Reviews of the album were savage, but Strummer knew the product was subpar before a single contentious word was printed. Strummer refused to promote the record and even suggested he might sue the label to stop it from being released. Not long after Cut the Crap was release, Strummer made it official: The band was no more. Though Strummer and Jones occasionally worked together again, the Clash name remained permanently dormant. Perhaps hoping to make up for his significant part in the band’s ugly demise, Strummer sometimes floated the possibility of a reunion, but Jones always shot it down. “Mick had more occasion to be proud because of what happened and the way it had ended,” Strummer conceded to Uncut. “I had to eat humble pie. I deserved to.”

joe there

625. Joe Walsh, There Goes the Neighborhood (1981)

Joe Walsh only played on two studio albums during the original incarnations of the Eagles, but he logged plenty of time in the studio with the band. Recruited to replace guitarist Bernie Leadon, Walsh showed up just in time for the sessions that led to the 1976 album Hotel California. The band worked on the album for about a year and a half, but it also reaped enormous rewards. Hotel California was certified platinum within a week of its release and has gone on to sell over twenty-six million copies in the U.S. The Eagles’ next album, The Long Run, again took around eighteen months to finish, and again moved millions of units. The Long Run also broke the band, leading to a dissolution that sent the individual members scattering to solo careers.

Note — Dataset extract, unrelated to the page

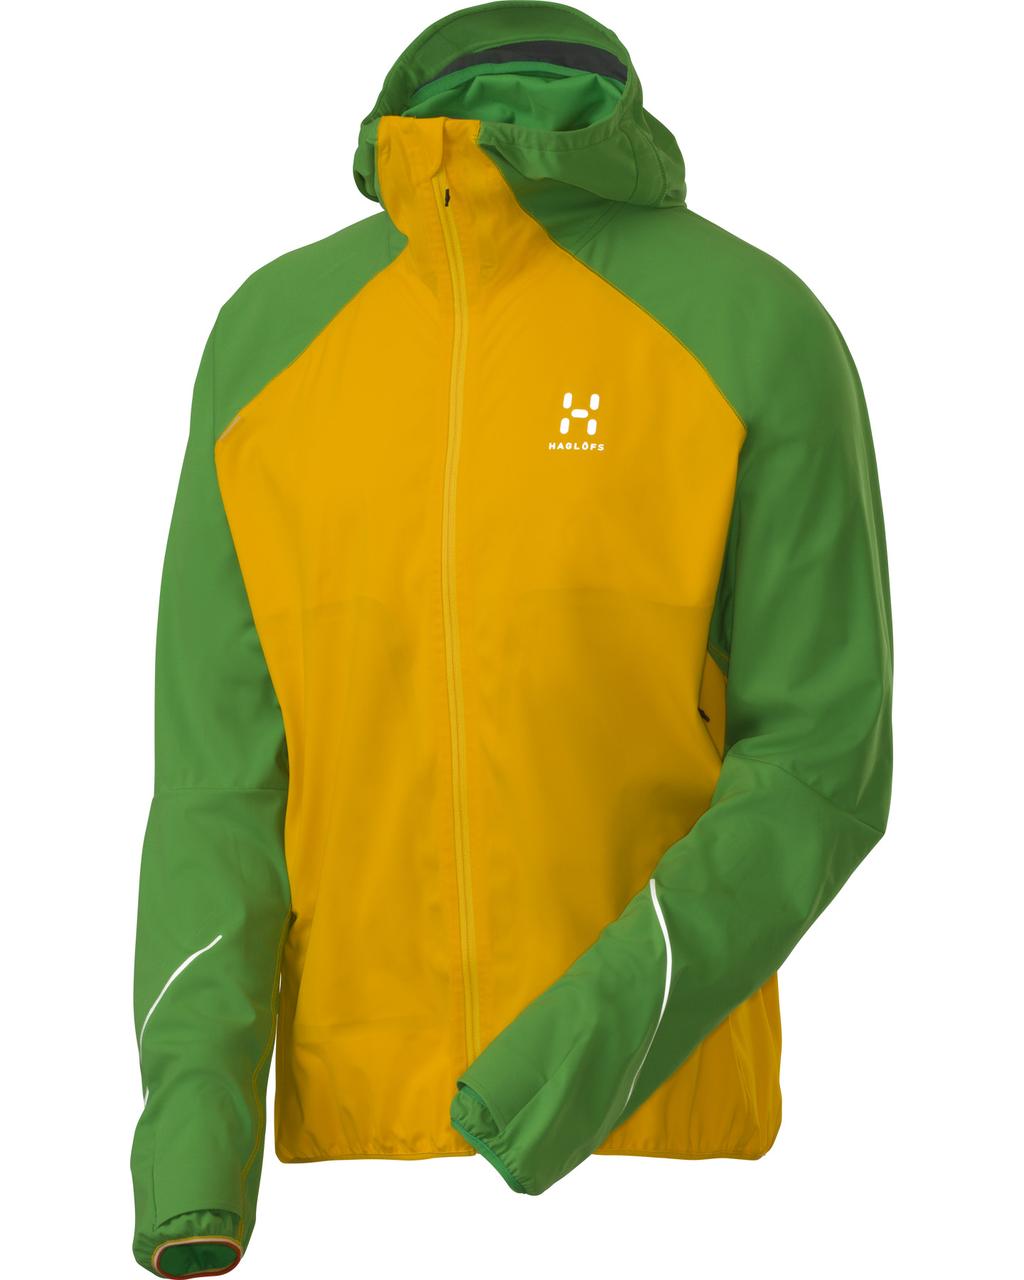 L.I.M FLEX HOOD/ L.I.M Q FLEX HOOD The L.I.M Flex Jacket is Haglöfs lightest, most packable and flexible soft shell that on top of it all has been classified a bluesign garment.

Among the musicians who could freshly be considered former Eagles, Walsh was one of the more seasoned solo acts. He’d already put out three albums under his own name, including two during his tenure with the band. And the most recent of those, 1978’s But Seriously, Folks…, produced a Top 20 hit with the novelty-skirting single “Life’s Been Good.” Walsh was ready to make his own music. He even had a batch of songs all ready to go. “Life of Illusion” was originally written for So What, Walsh’s 1974 solo debut, and “Rivers (Of the Hidden Funk)” was submitted for, and rejected from, The Long Run.

The album Walsh put together, There Goes the Neighborhood, plays like Jackson Browne with a touch of vaudeville. “Things” catalogs the meanderings of Walsh’s mind, “Bones” takes a familiar bluesy crawl and makes it loopy, and “Down on the Farm” is a goofball hoedown (“There was cows and horses and sheeps and pigs/ They was tired of the daily routine/ They was plannin’ on havin’ themselves a bash/ Gonna throw a great big wing-ding”). The material on the album is more agreeable than inspired, but that’s not necessarily a bad thing. And following time in the stultifying musical environs of the Eagles, it even sounds a bit liberating.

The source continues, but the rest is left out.